◆ **Work request**:
Leave every picture out, and print the full listing again exactly.

◆ **Data section**:
%%
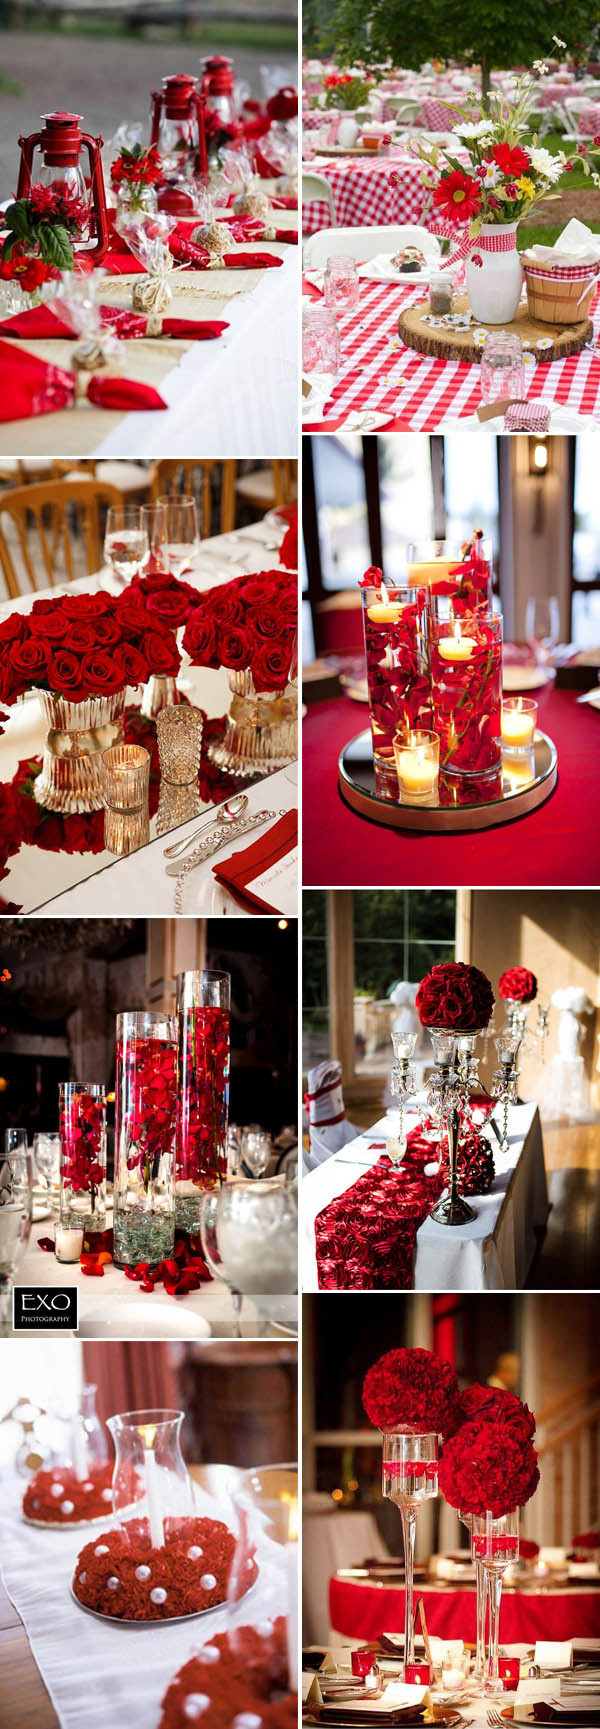 Wedding Decorations Red And White
 40 Inspirational Classic Red And White Wedding Ideas
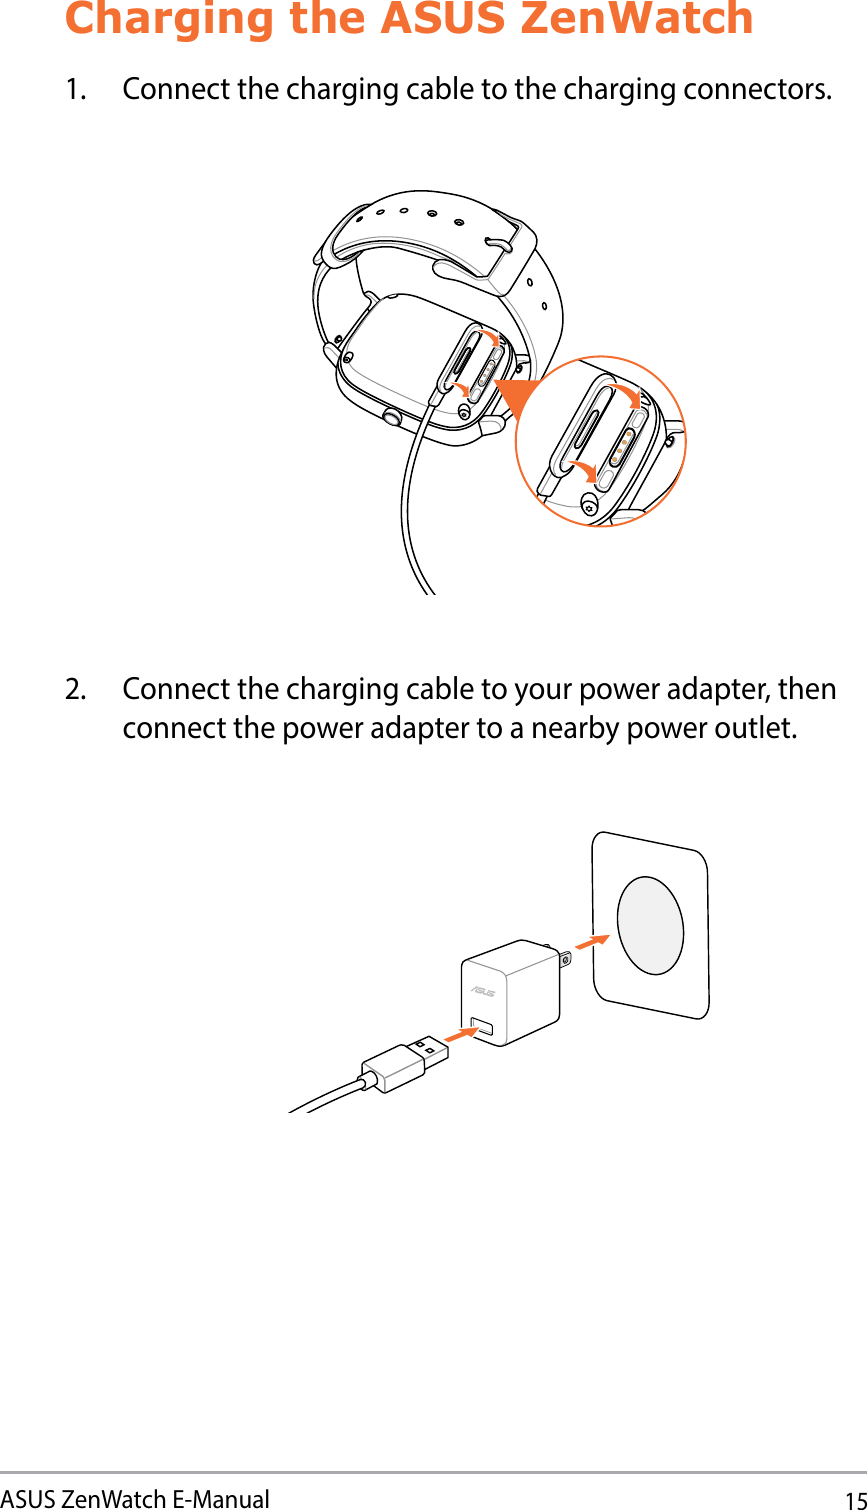 15ASUS ZenWatch E-ManualCharging the ASUS ZenWatch1.  Connect the charging cable to the charging connectors.2.  Connect the charging cable to your power adapter, then connect the power adapter to a nearby power outlet.
%%
◆ **Result for this exercise**:
 Wedding Decorations Red And White
 40 Inspirational Classic Red And White Wedding Ideas
 15ASUS ZenWatch E-ManualCharging the ASUS ZenWatch1.  Connect the charging cable to the charging connectors.2.  Connect the charging cable to your power adapter, then connect the power adapter to a nearby power outlet.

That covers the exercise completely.